Assigned task:
From the listing below, output only the lines starting at the line that has "Companys, a quien" and ending at the line that has "GESTIÓN ESCOLAR EN", exactly as they appear, ends included.

Records for the task:

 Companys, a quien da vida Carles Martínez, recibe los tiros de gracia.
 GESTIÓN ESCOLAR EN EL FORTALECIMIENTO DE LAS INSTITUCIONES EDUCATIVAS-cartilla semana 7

---

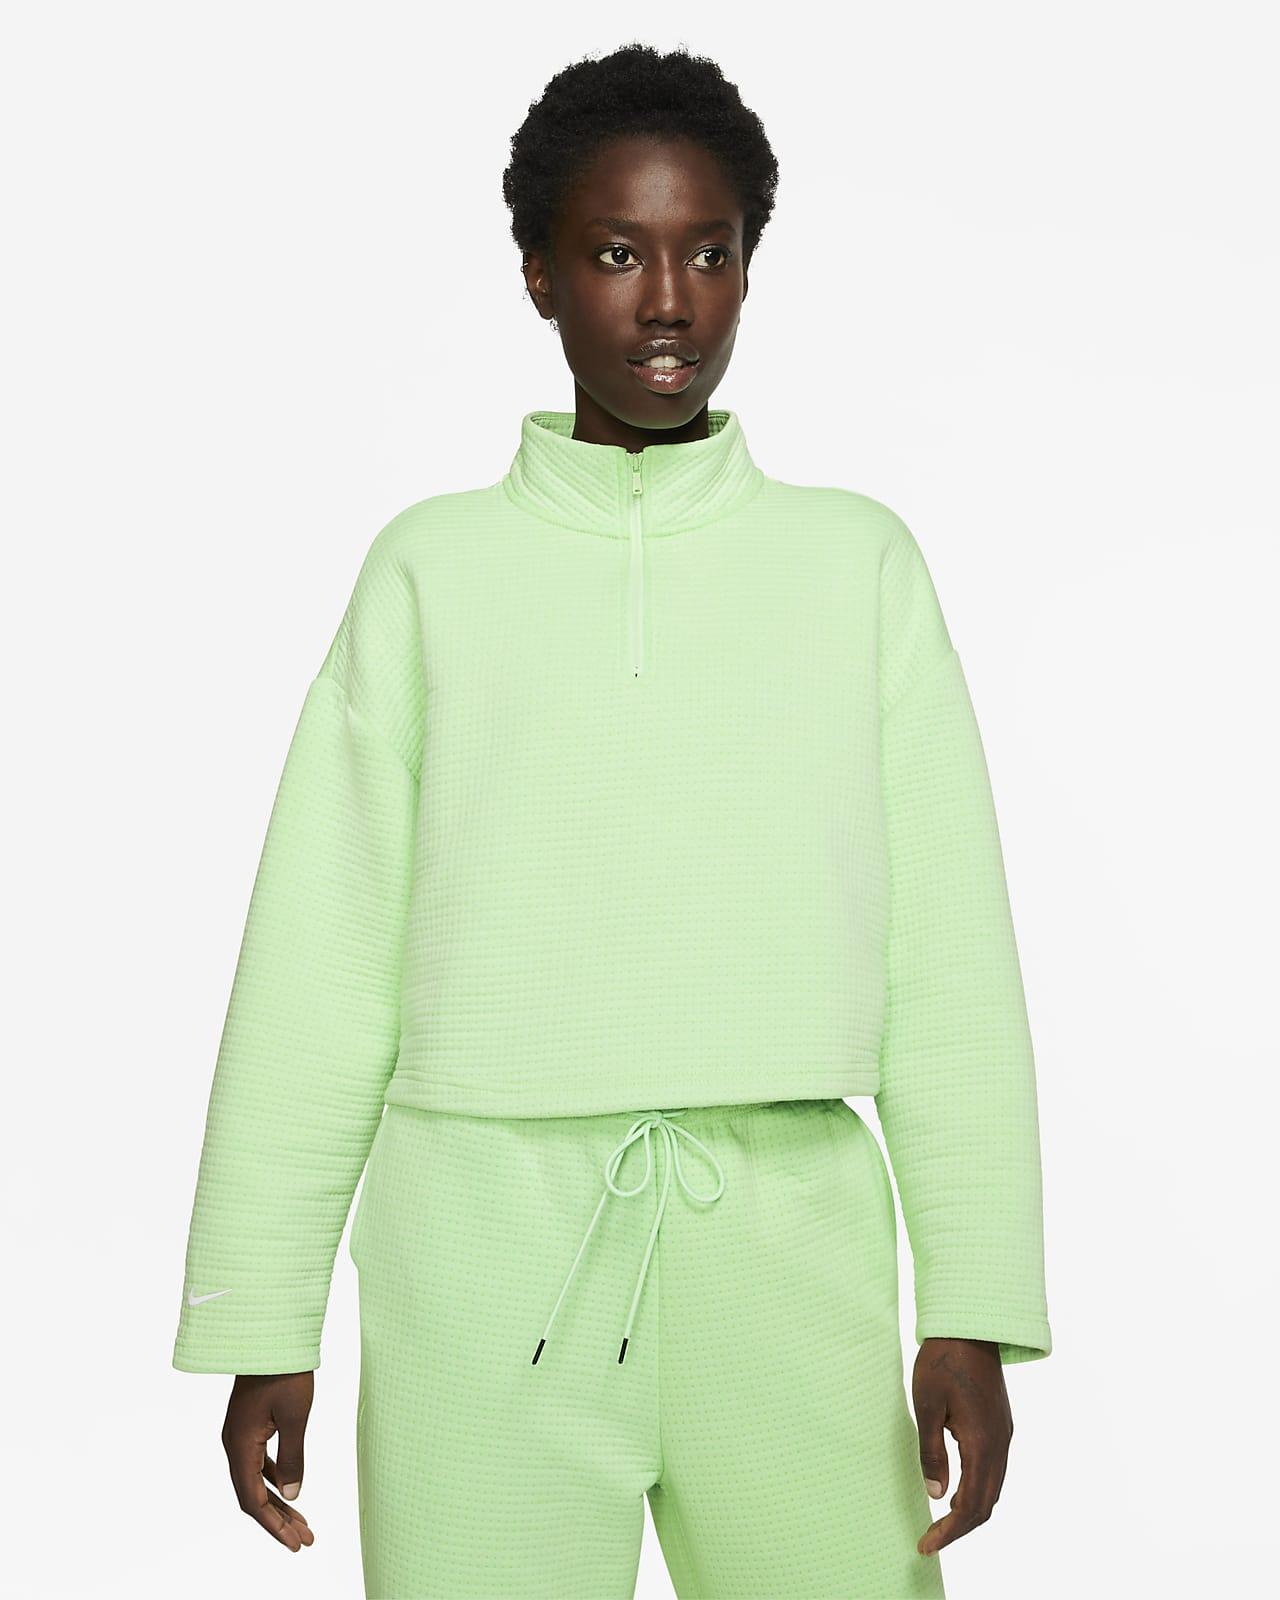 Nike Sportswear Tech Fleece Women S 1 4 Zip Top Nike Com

--

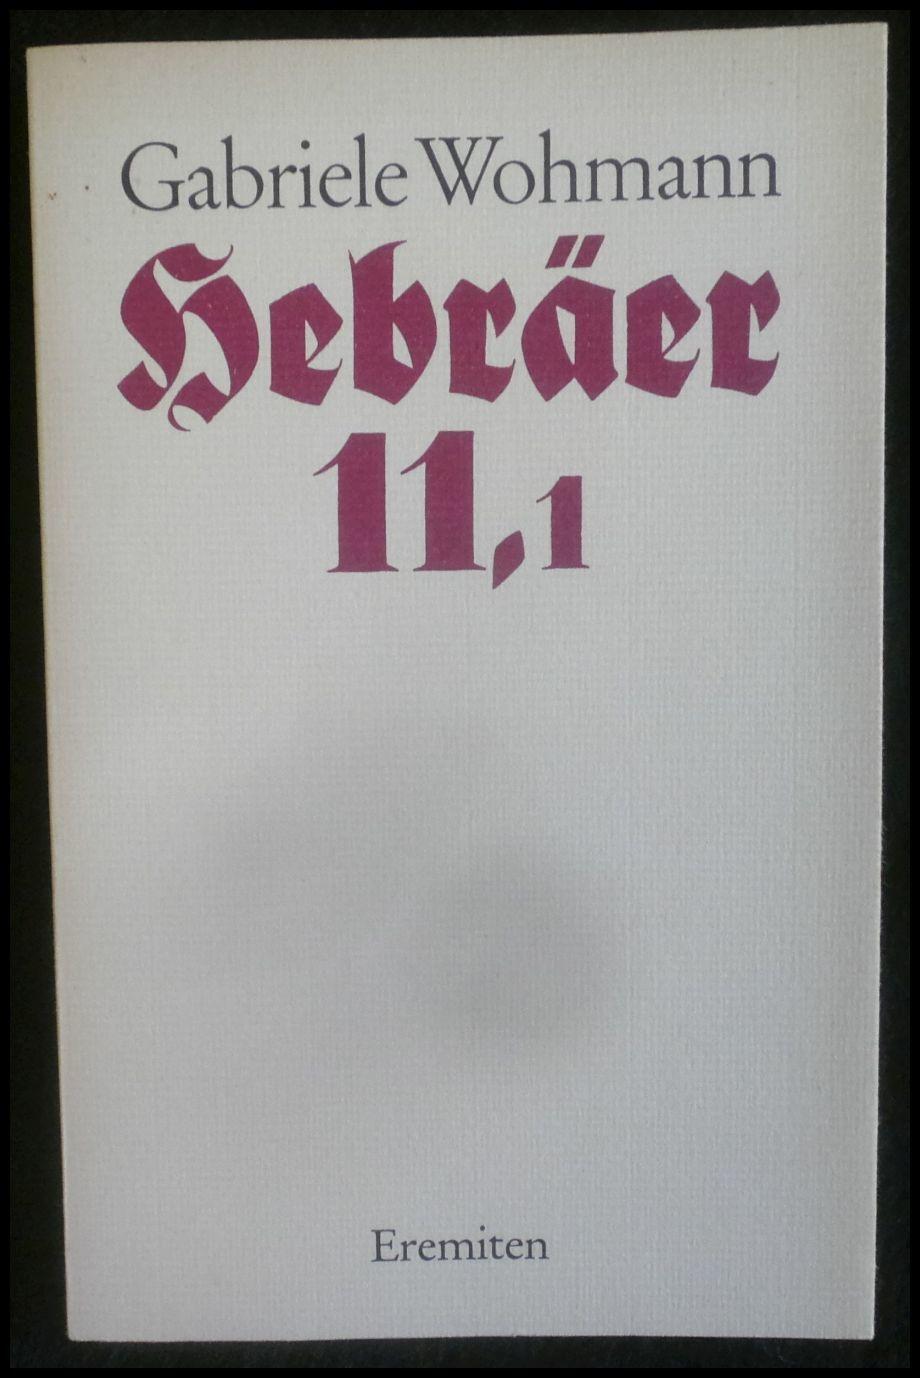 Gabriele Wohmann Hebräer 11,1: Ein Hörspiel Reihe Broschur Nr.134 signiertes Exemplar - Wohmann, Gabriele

Output for this task:
 Companys, a quien da vida Carles Martínez, recibe los tiros de gracia.
 GESTIÓN ESCOLAR EN EL FORTALECIMIENTO DE LAS INSTITUCIONES EDUCATIVAS-cartilla semana 7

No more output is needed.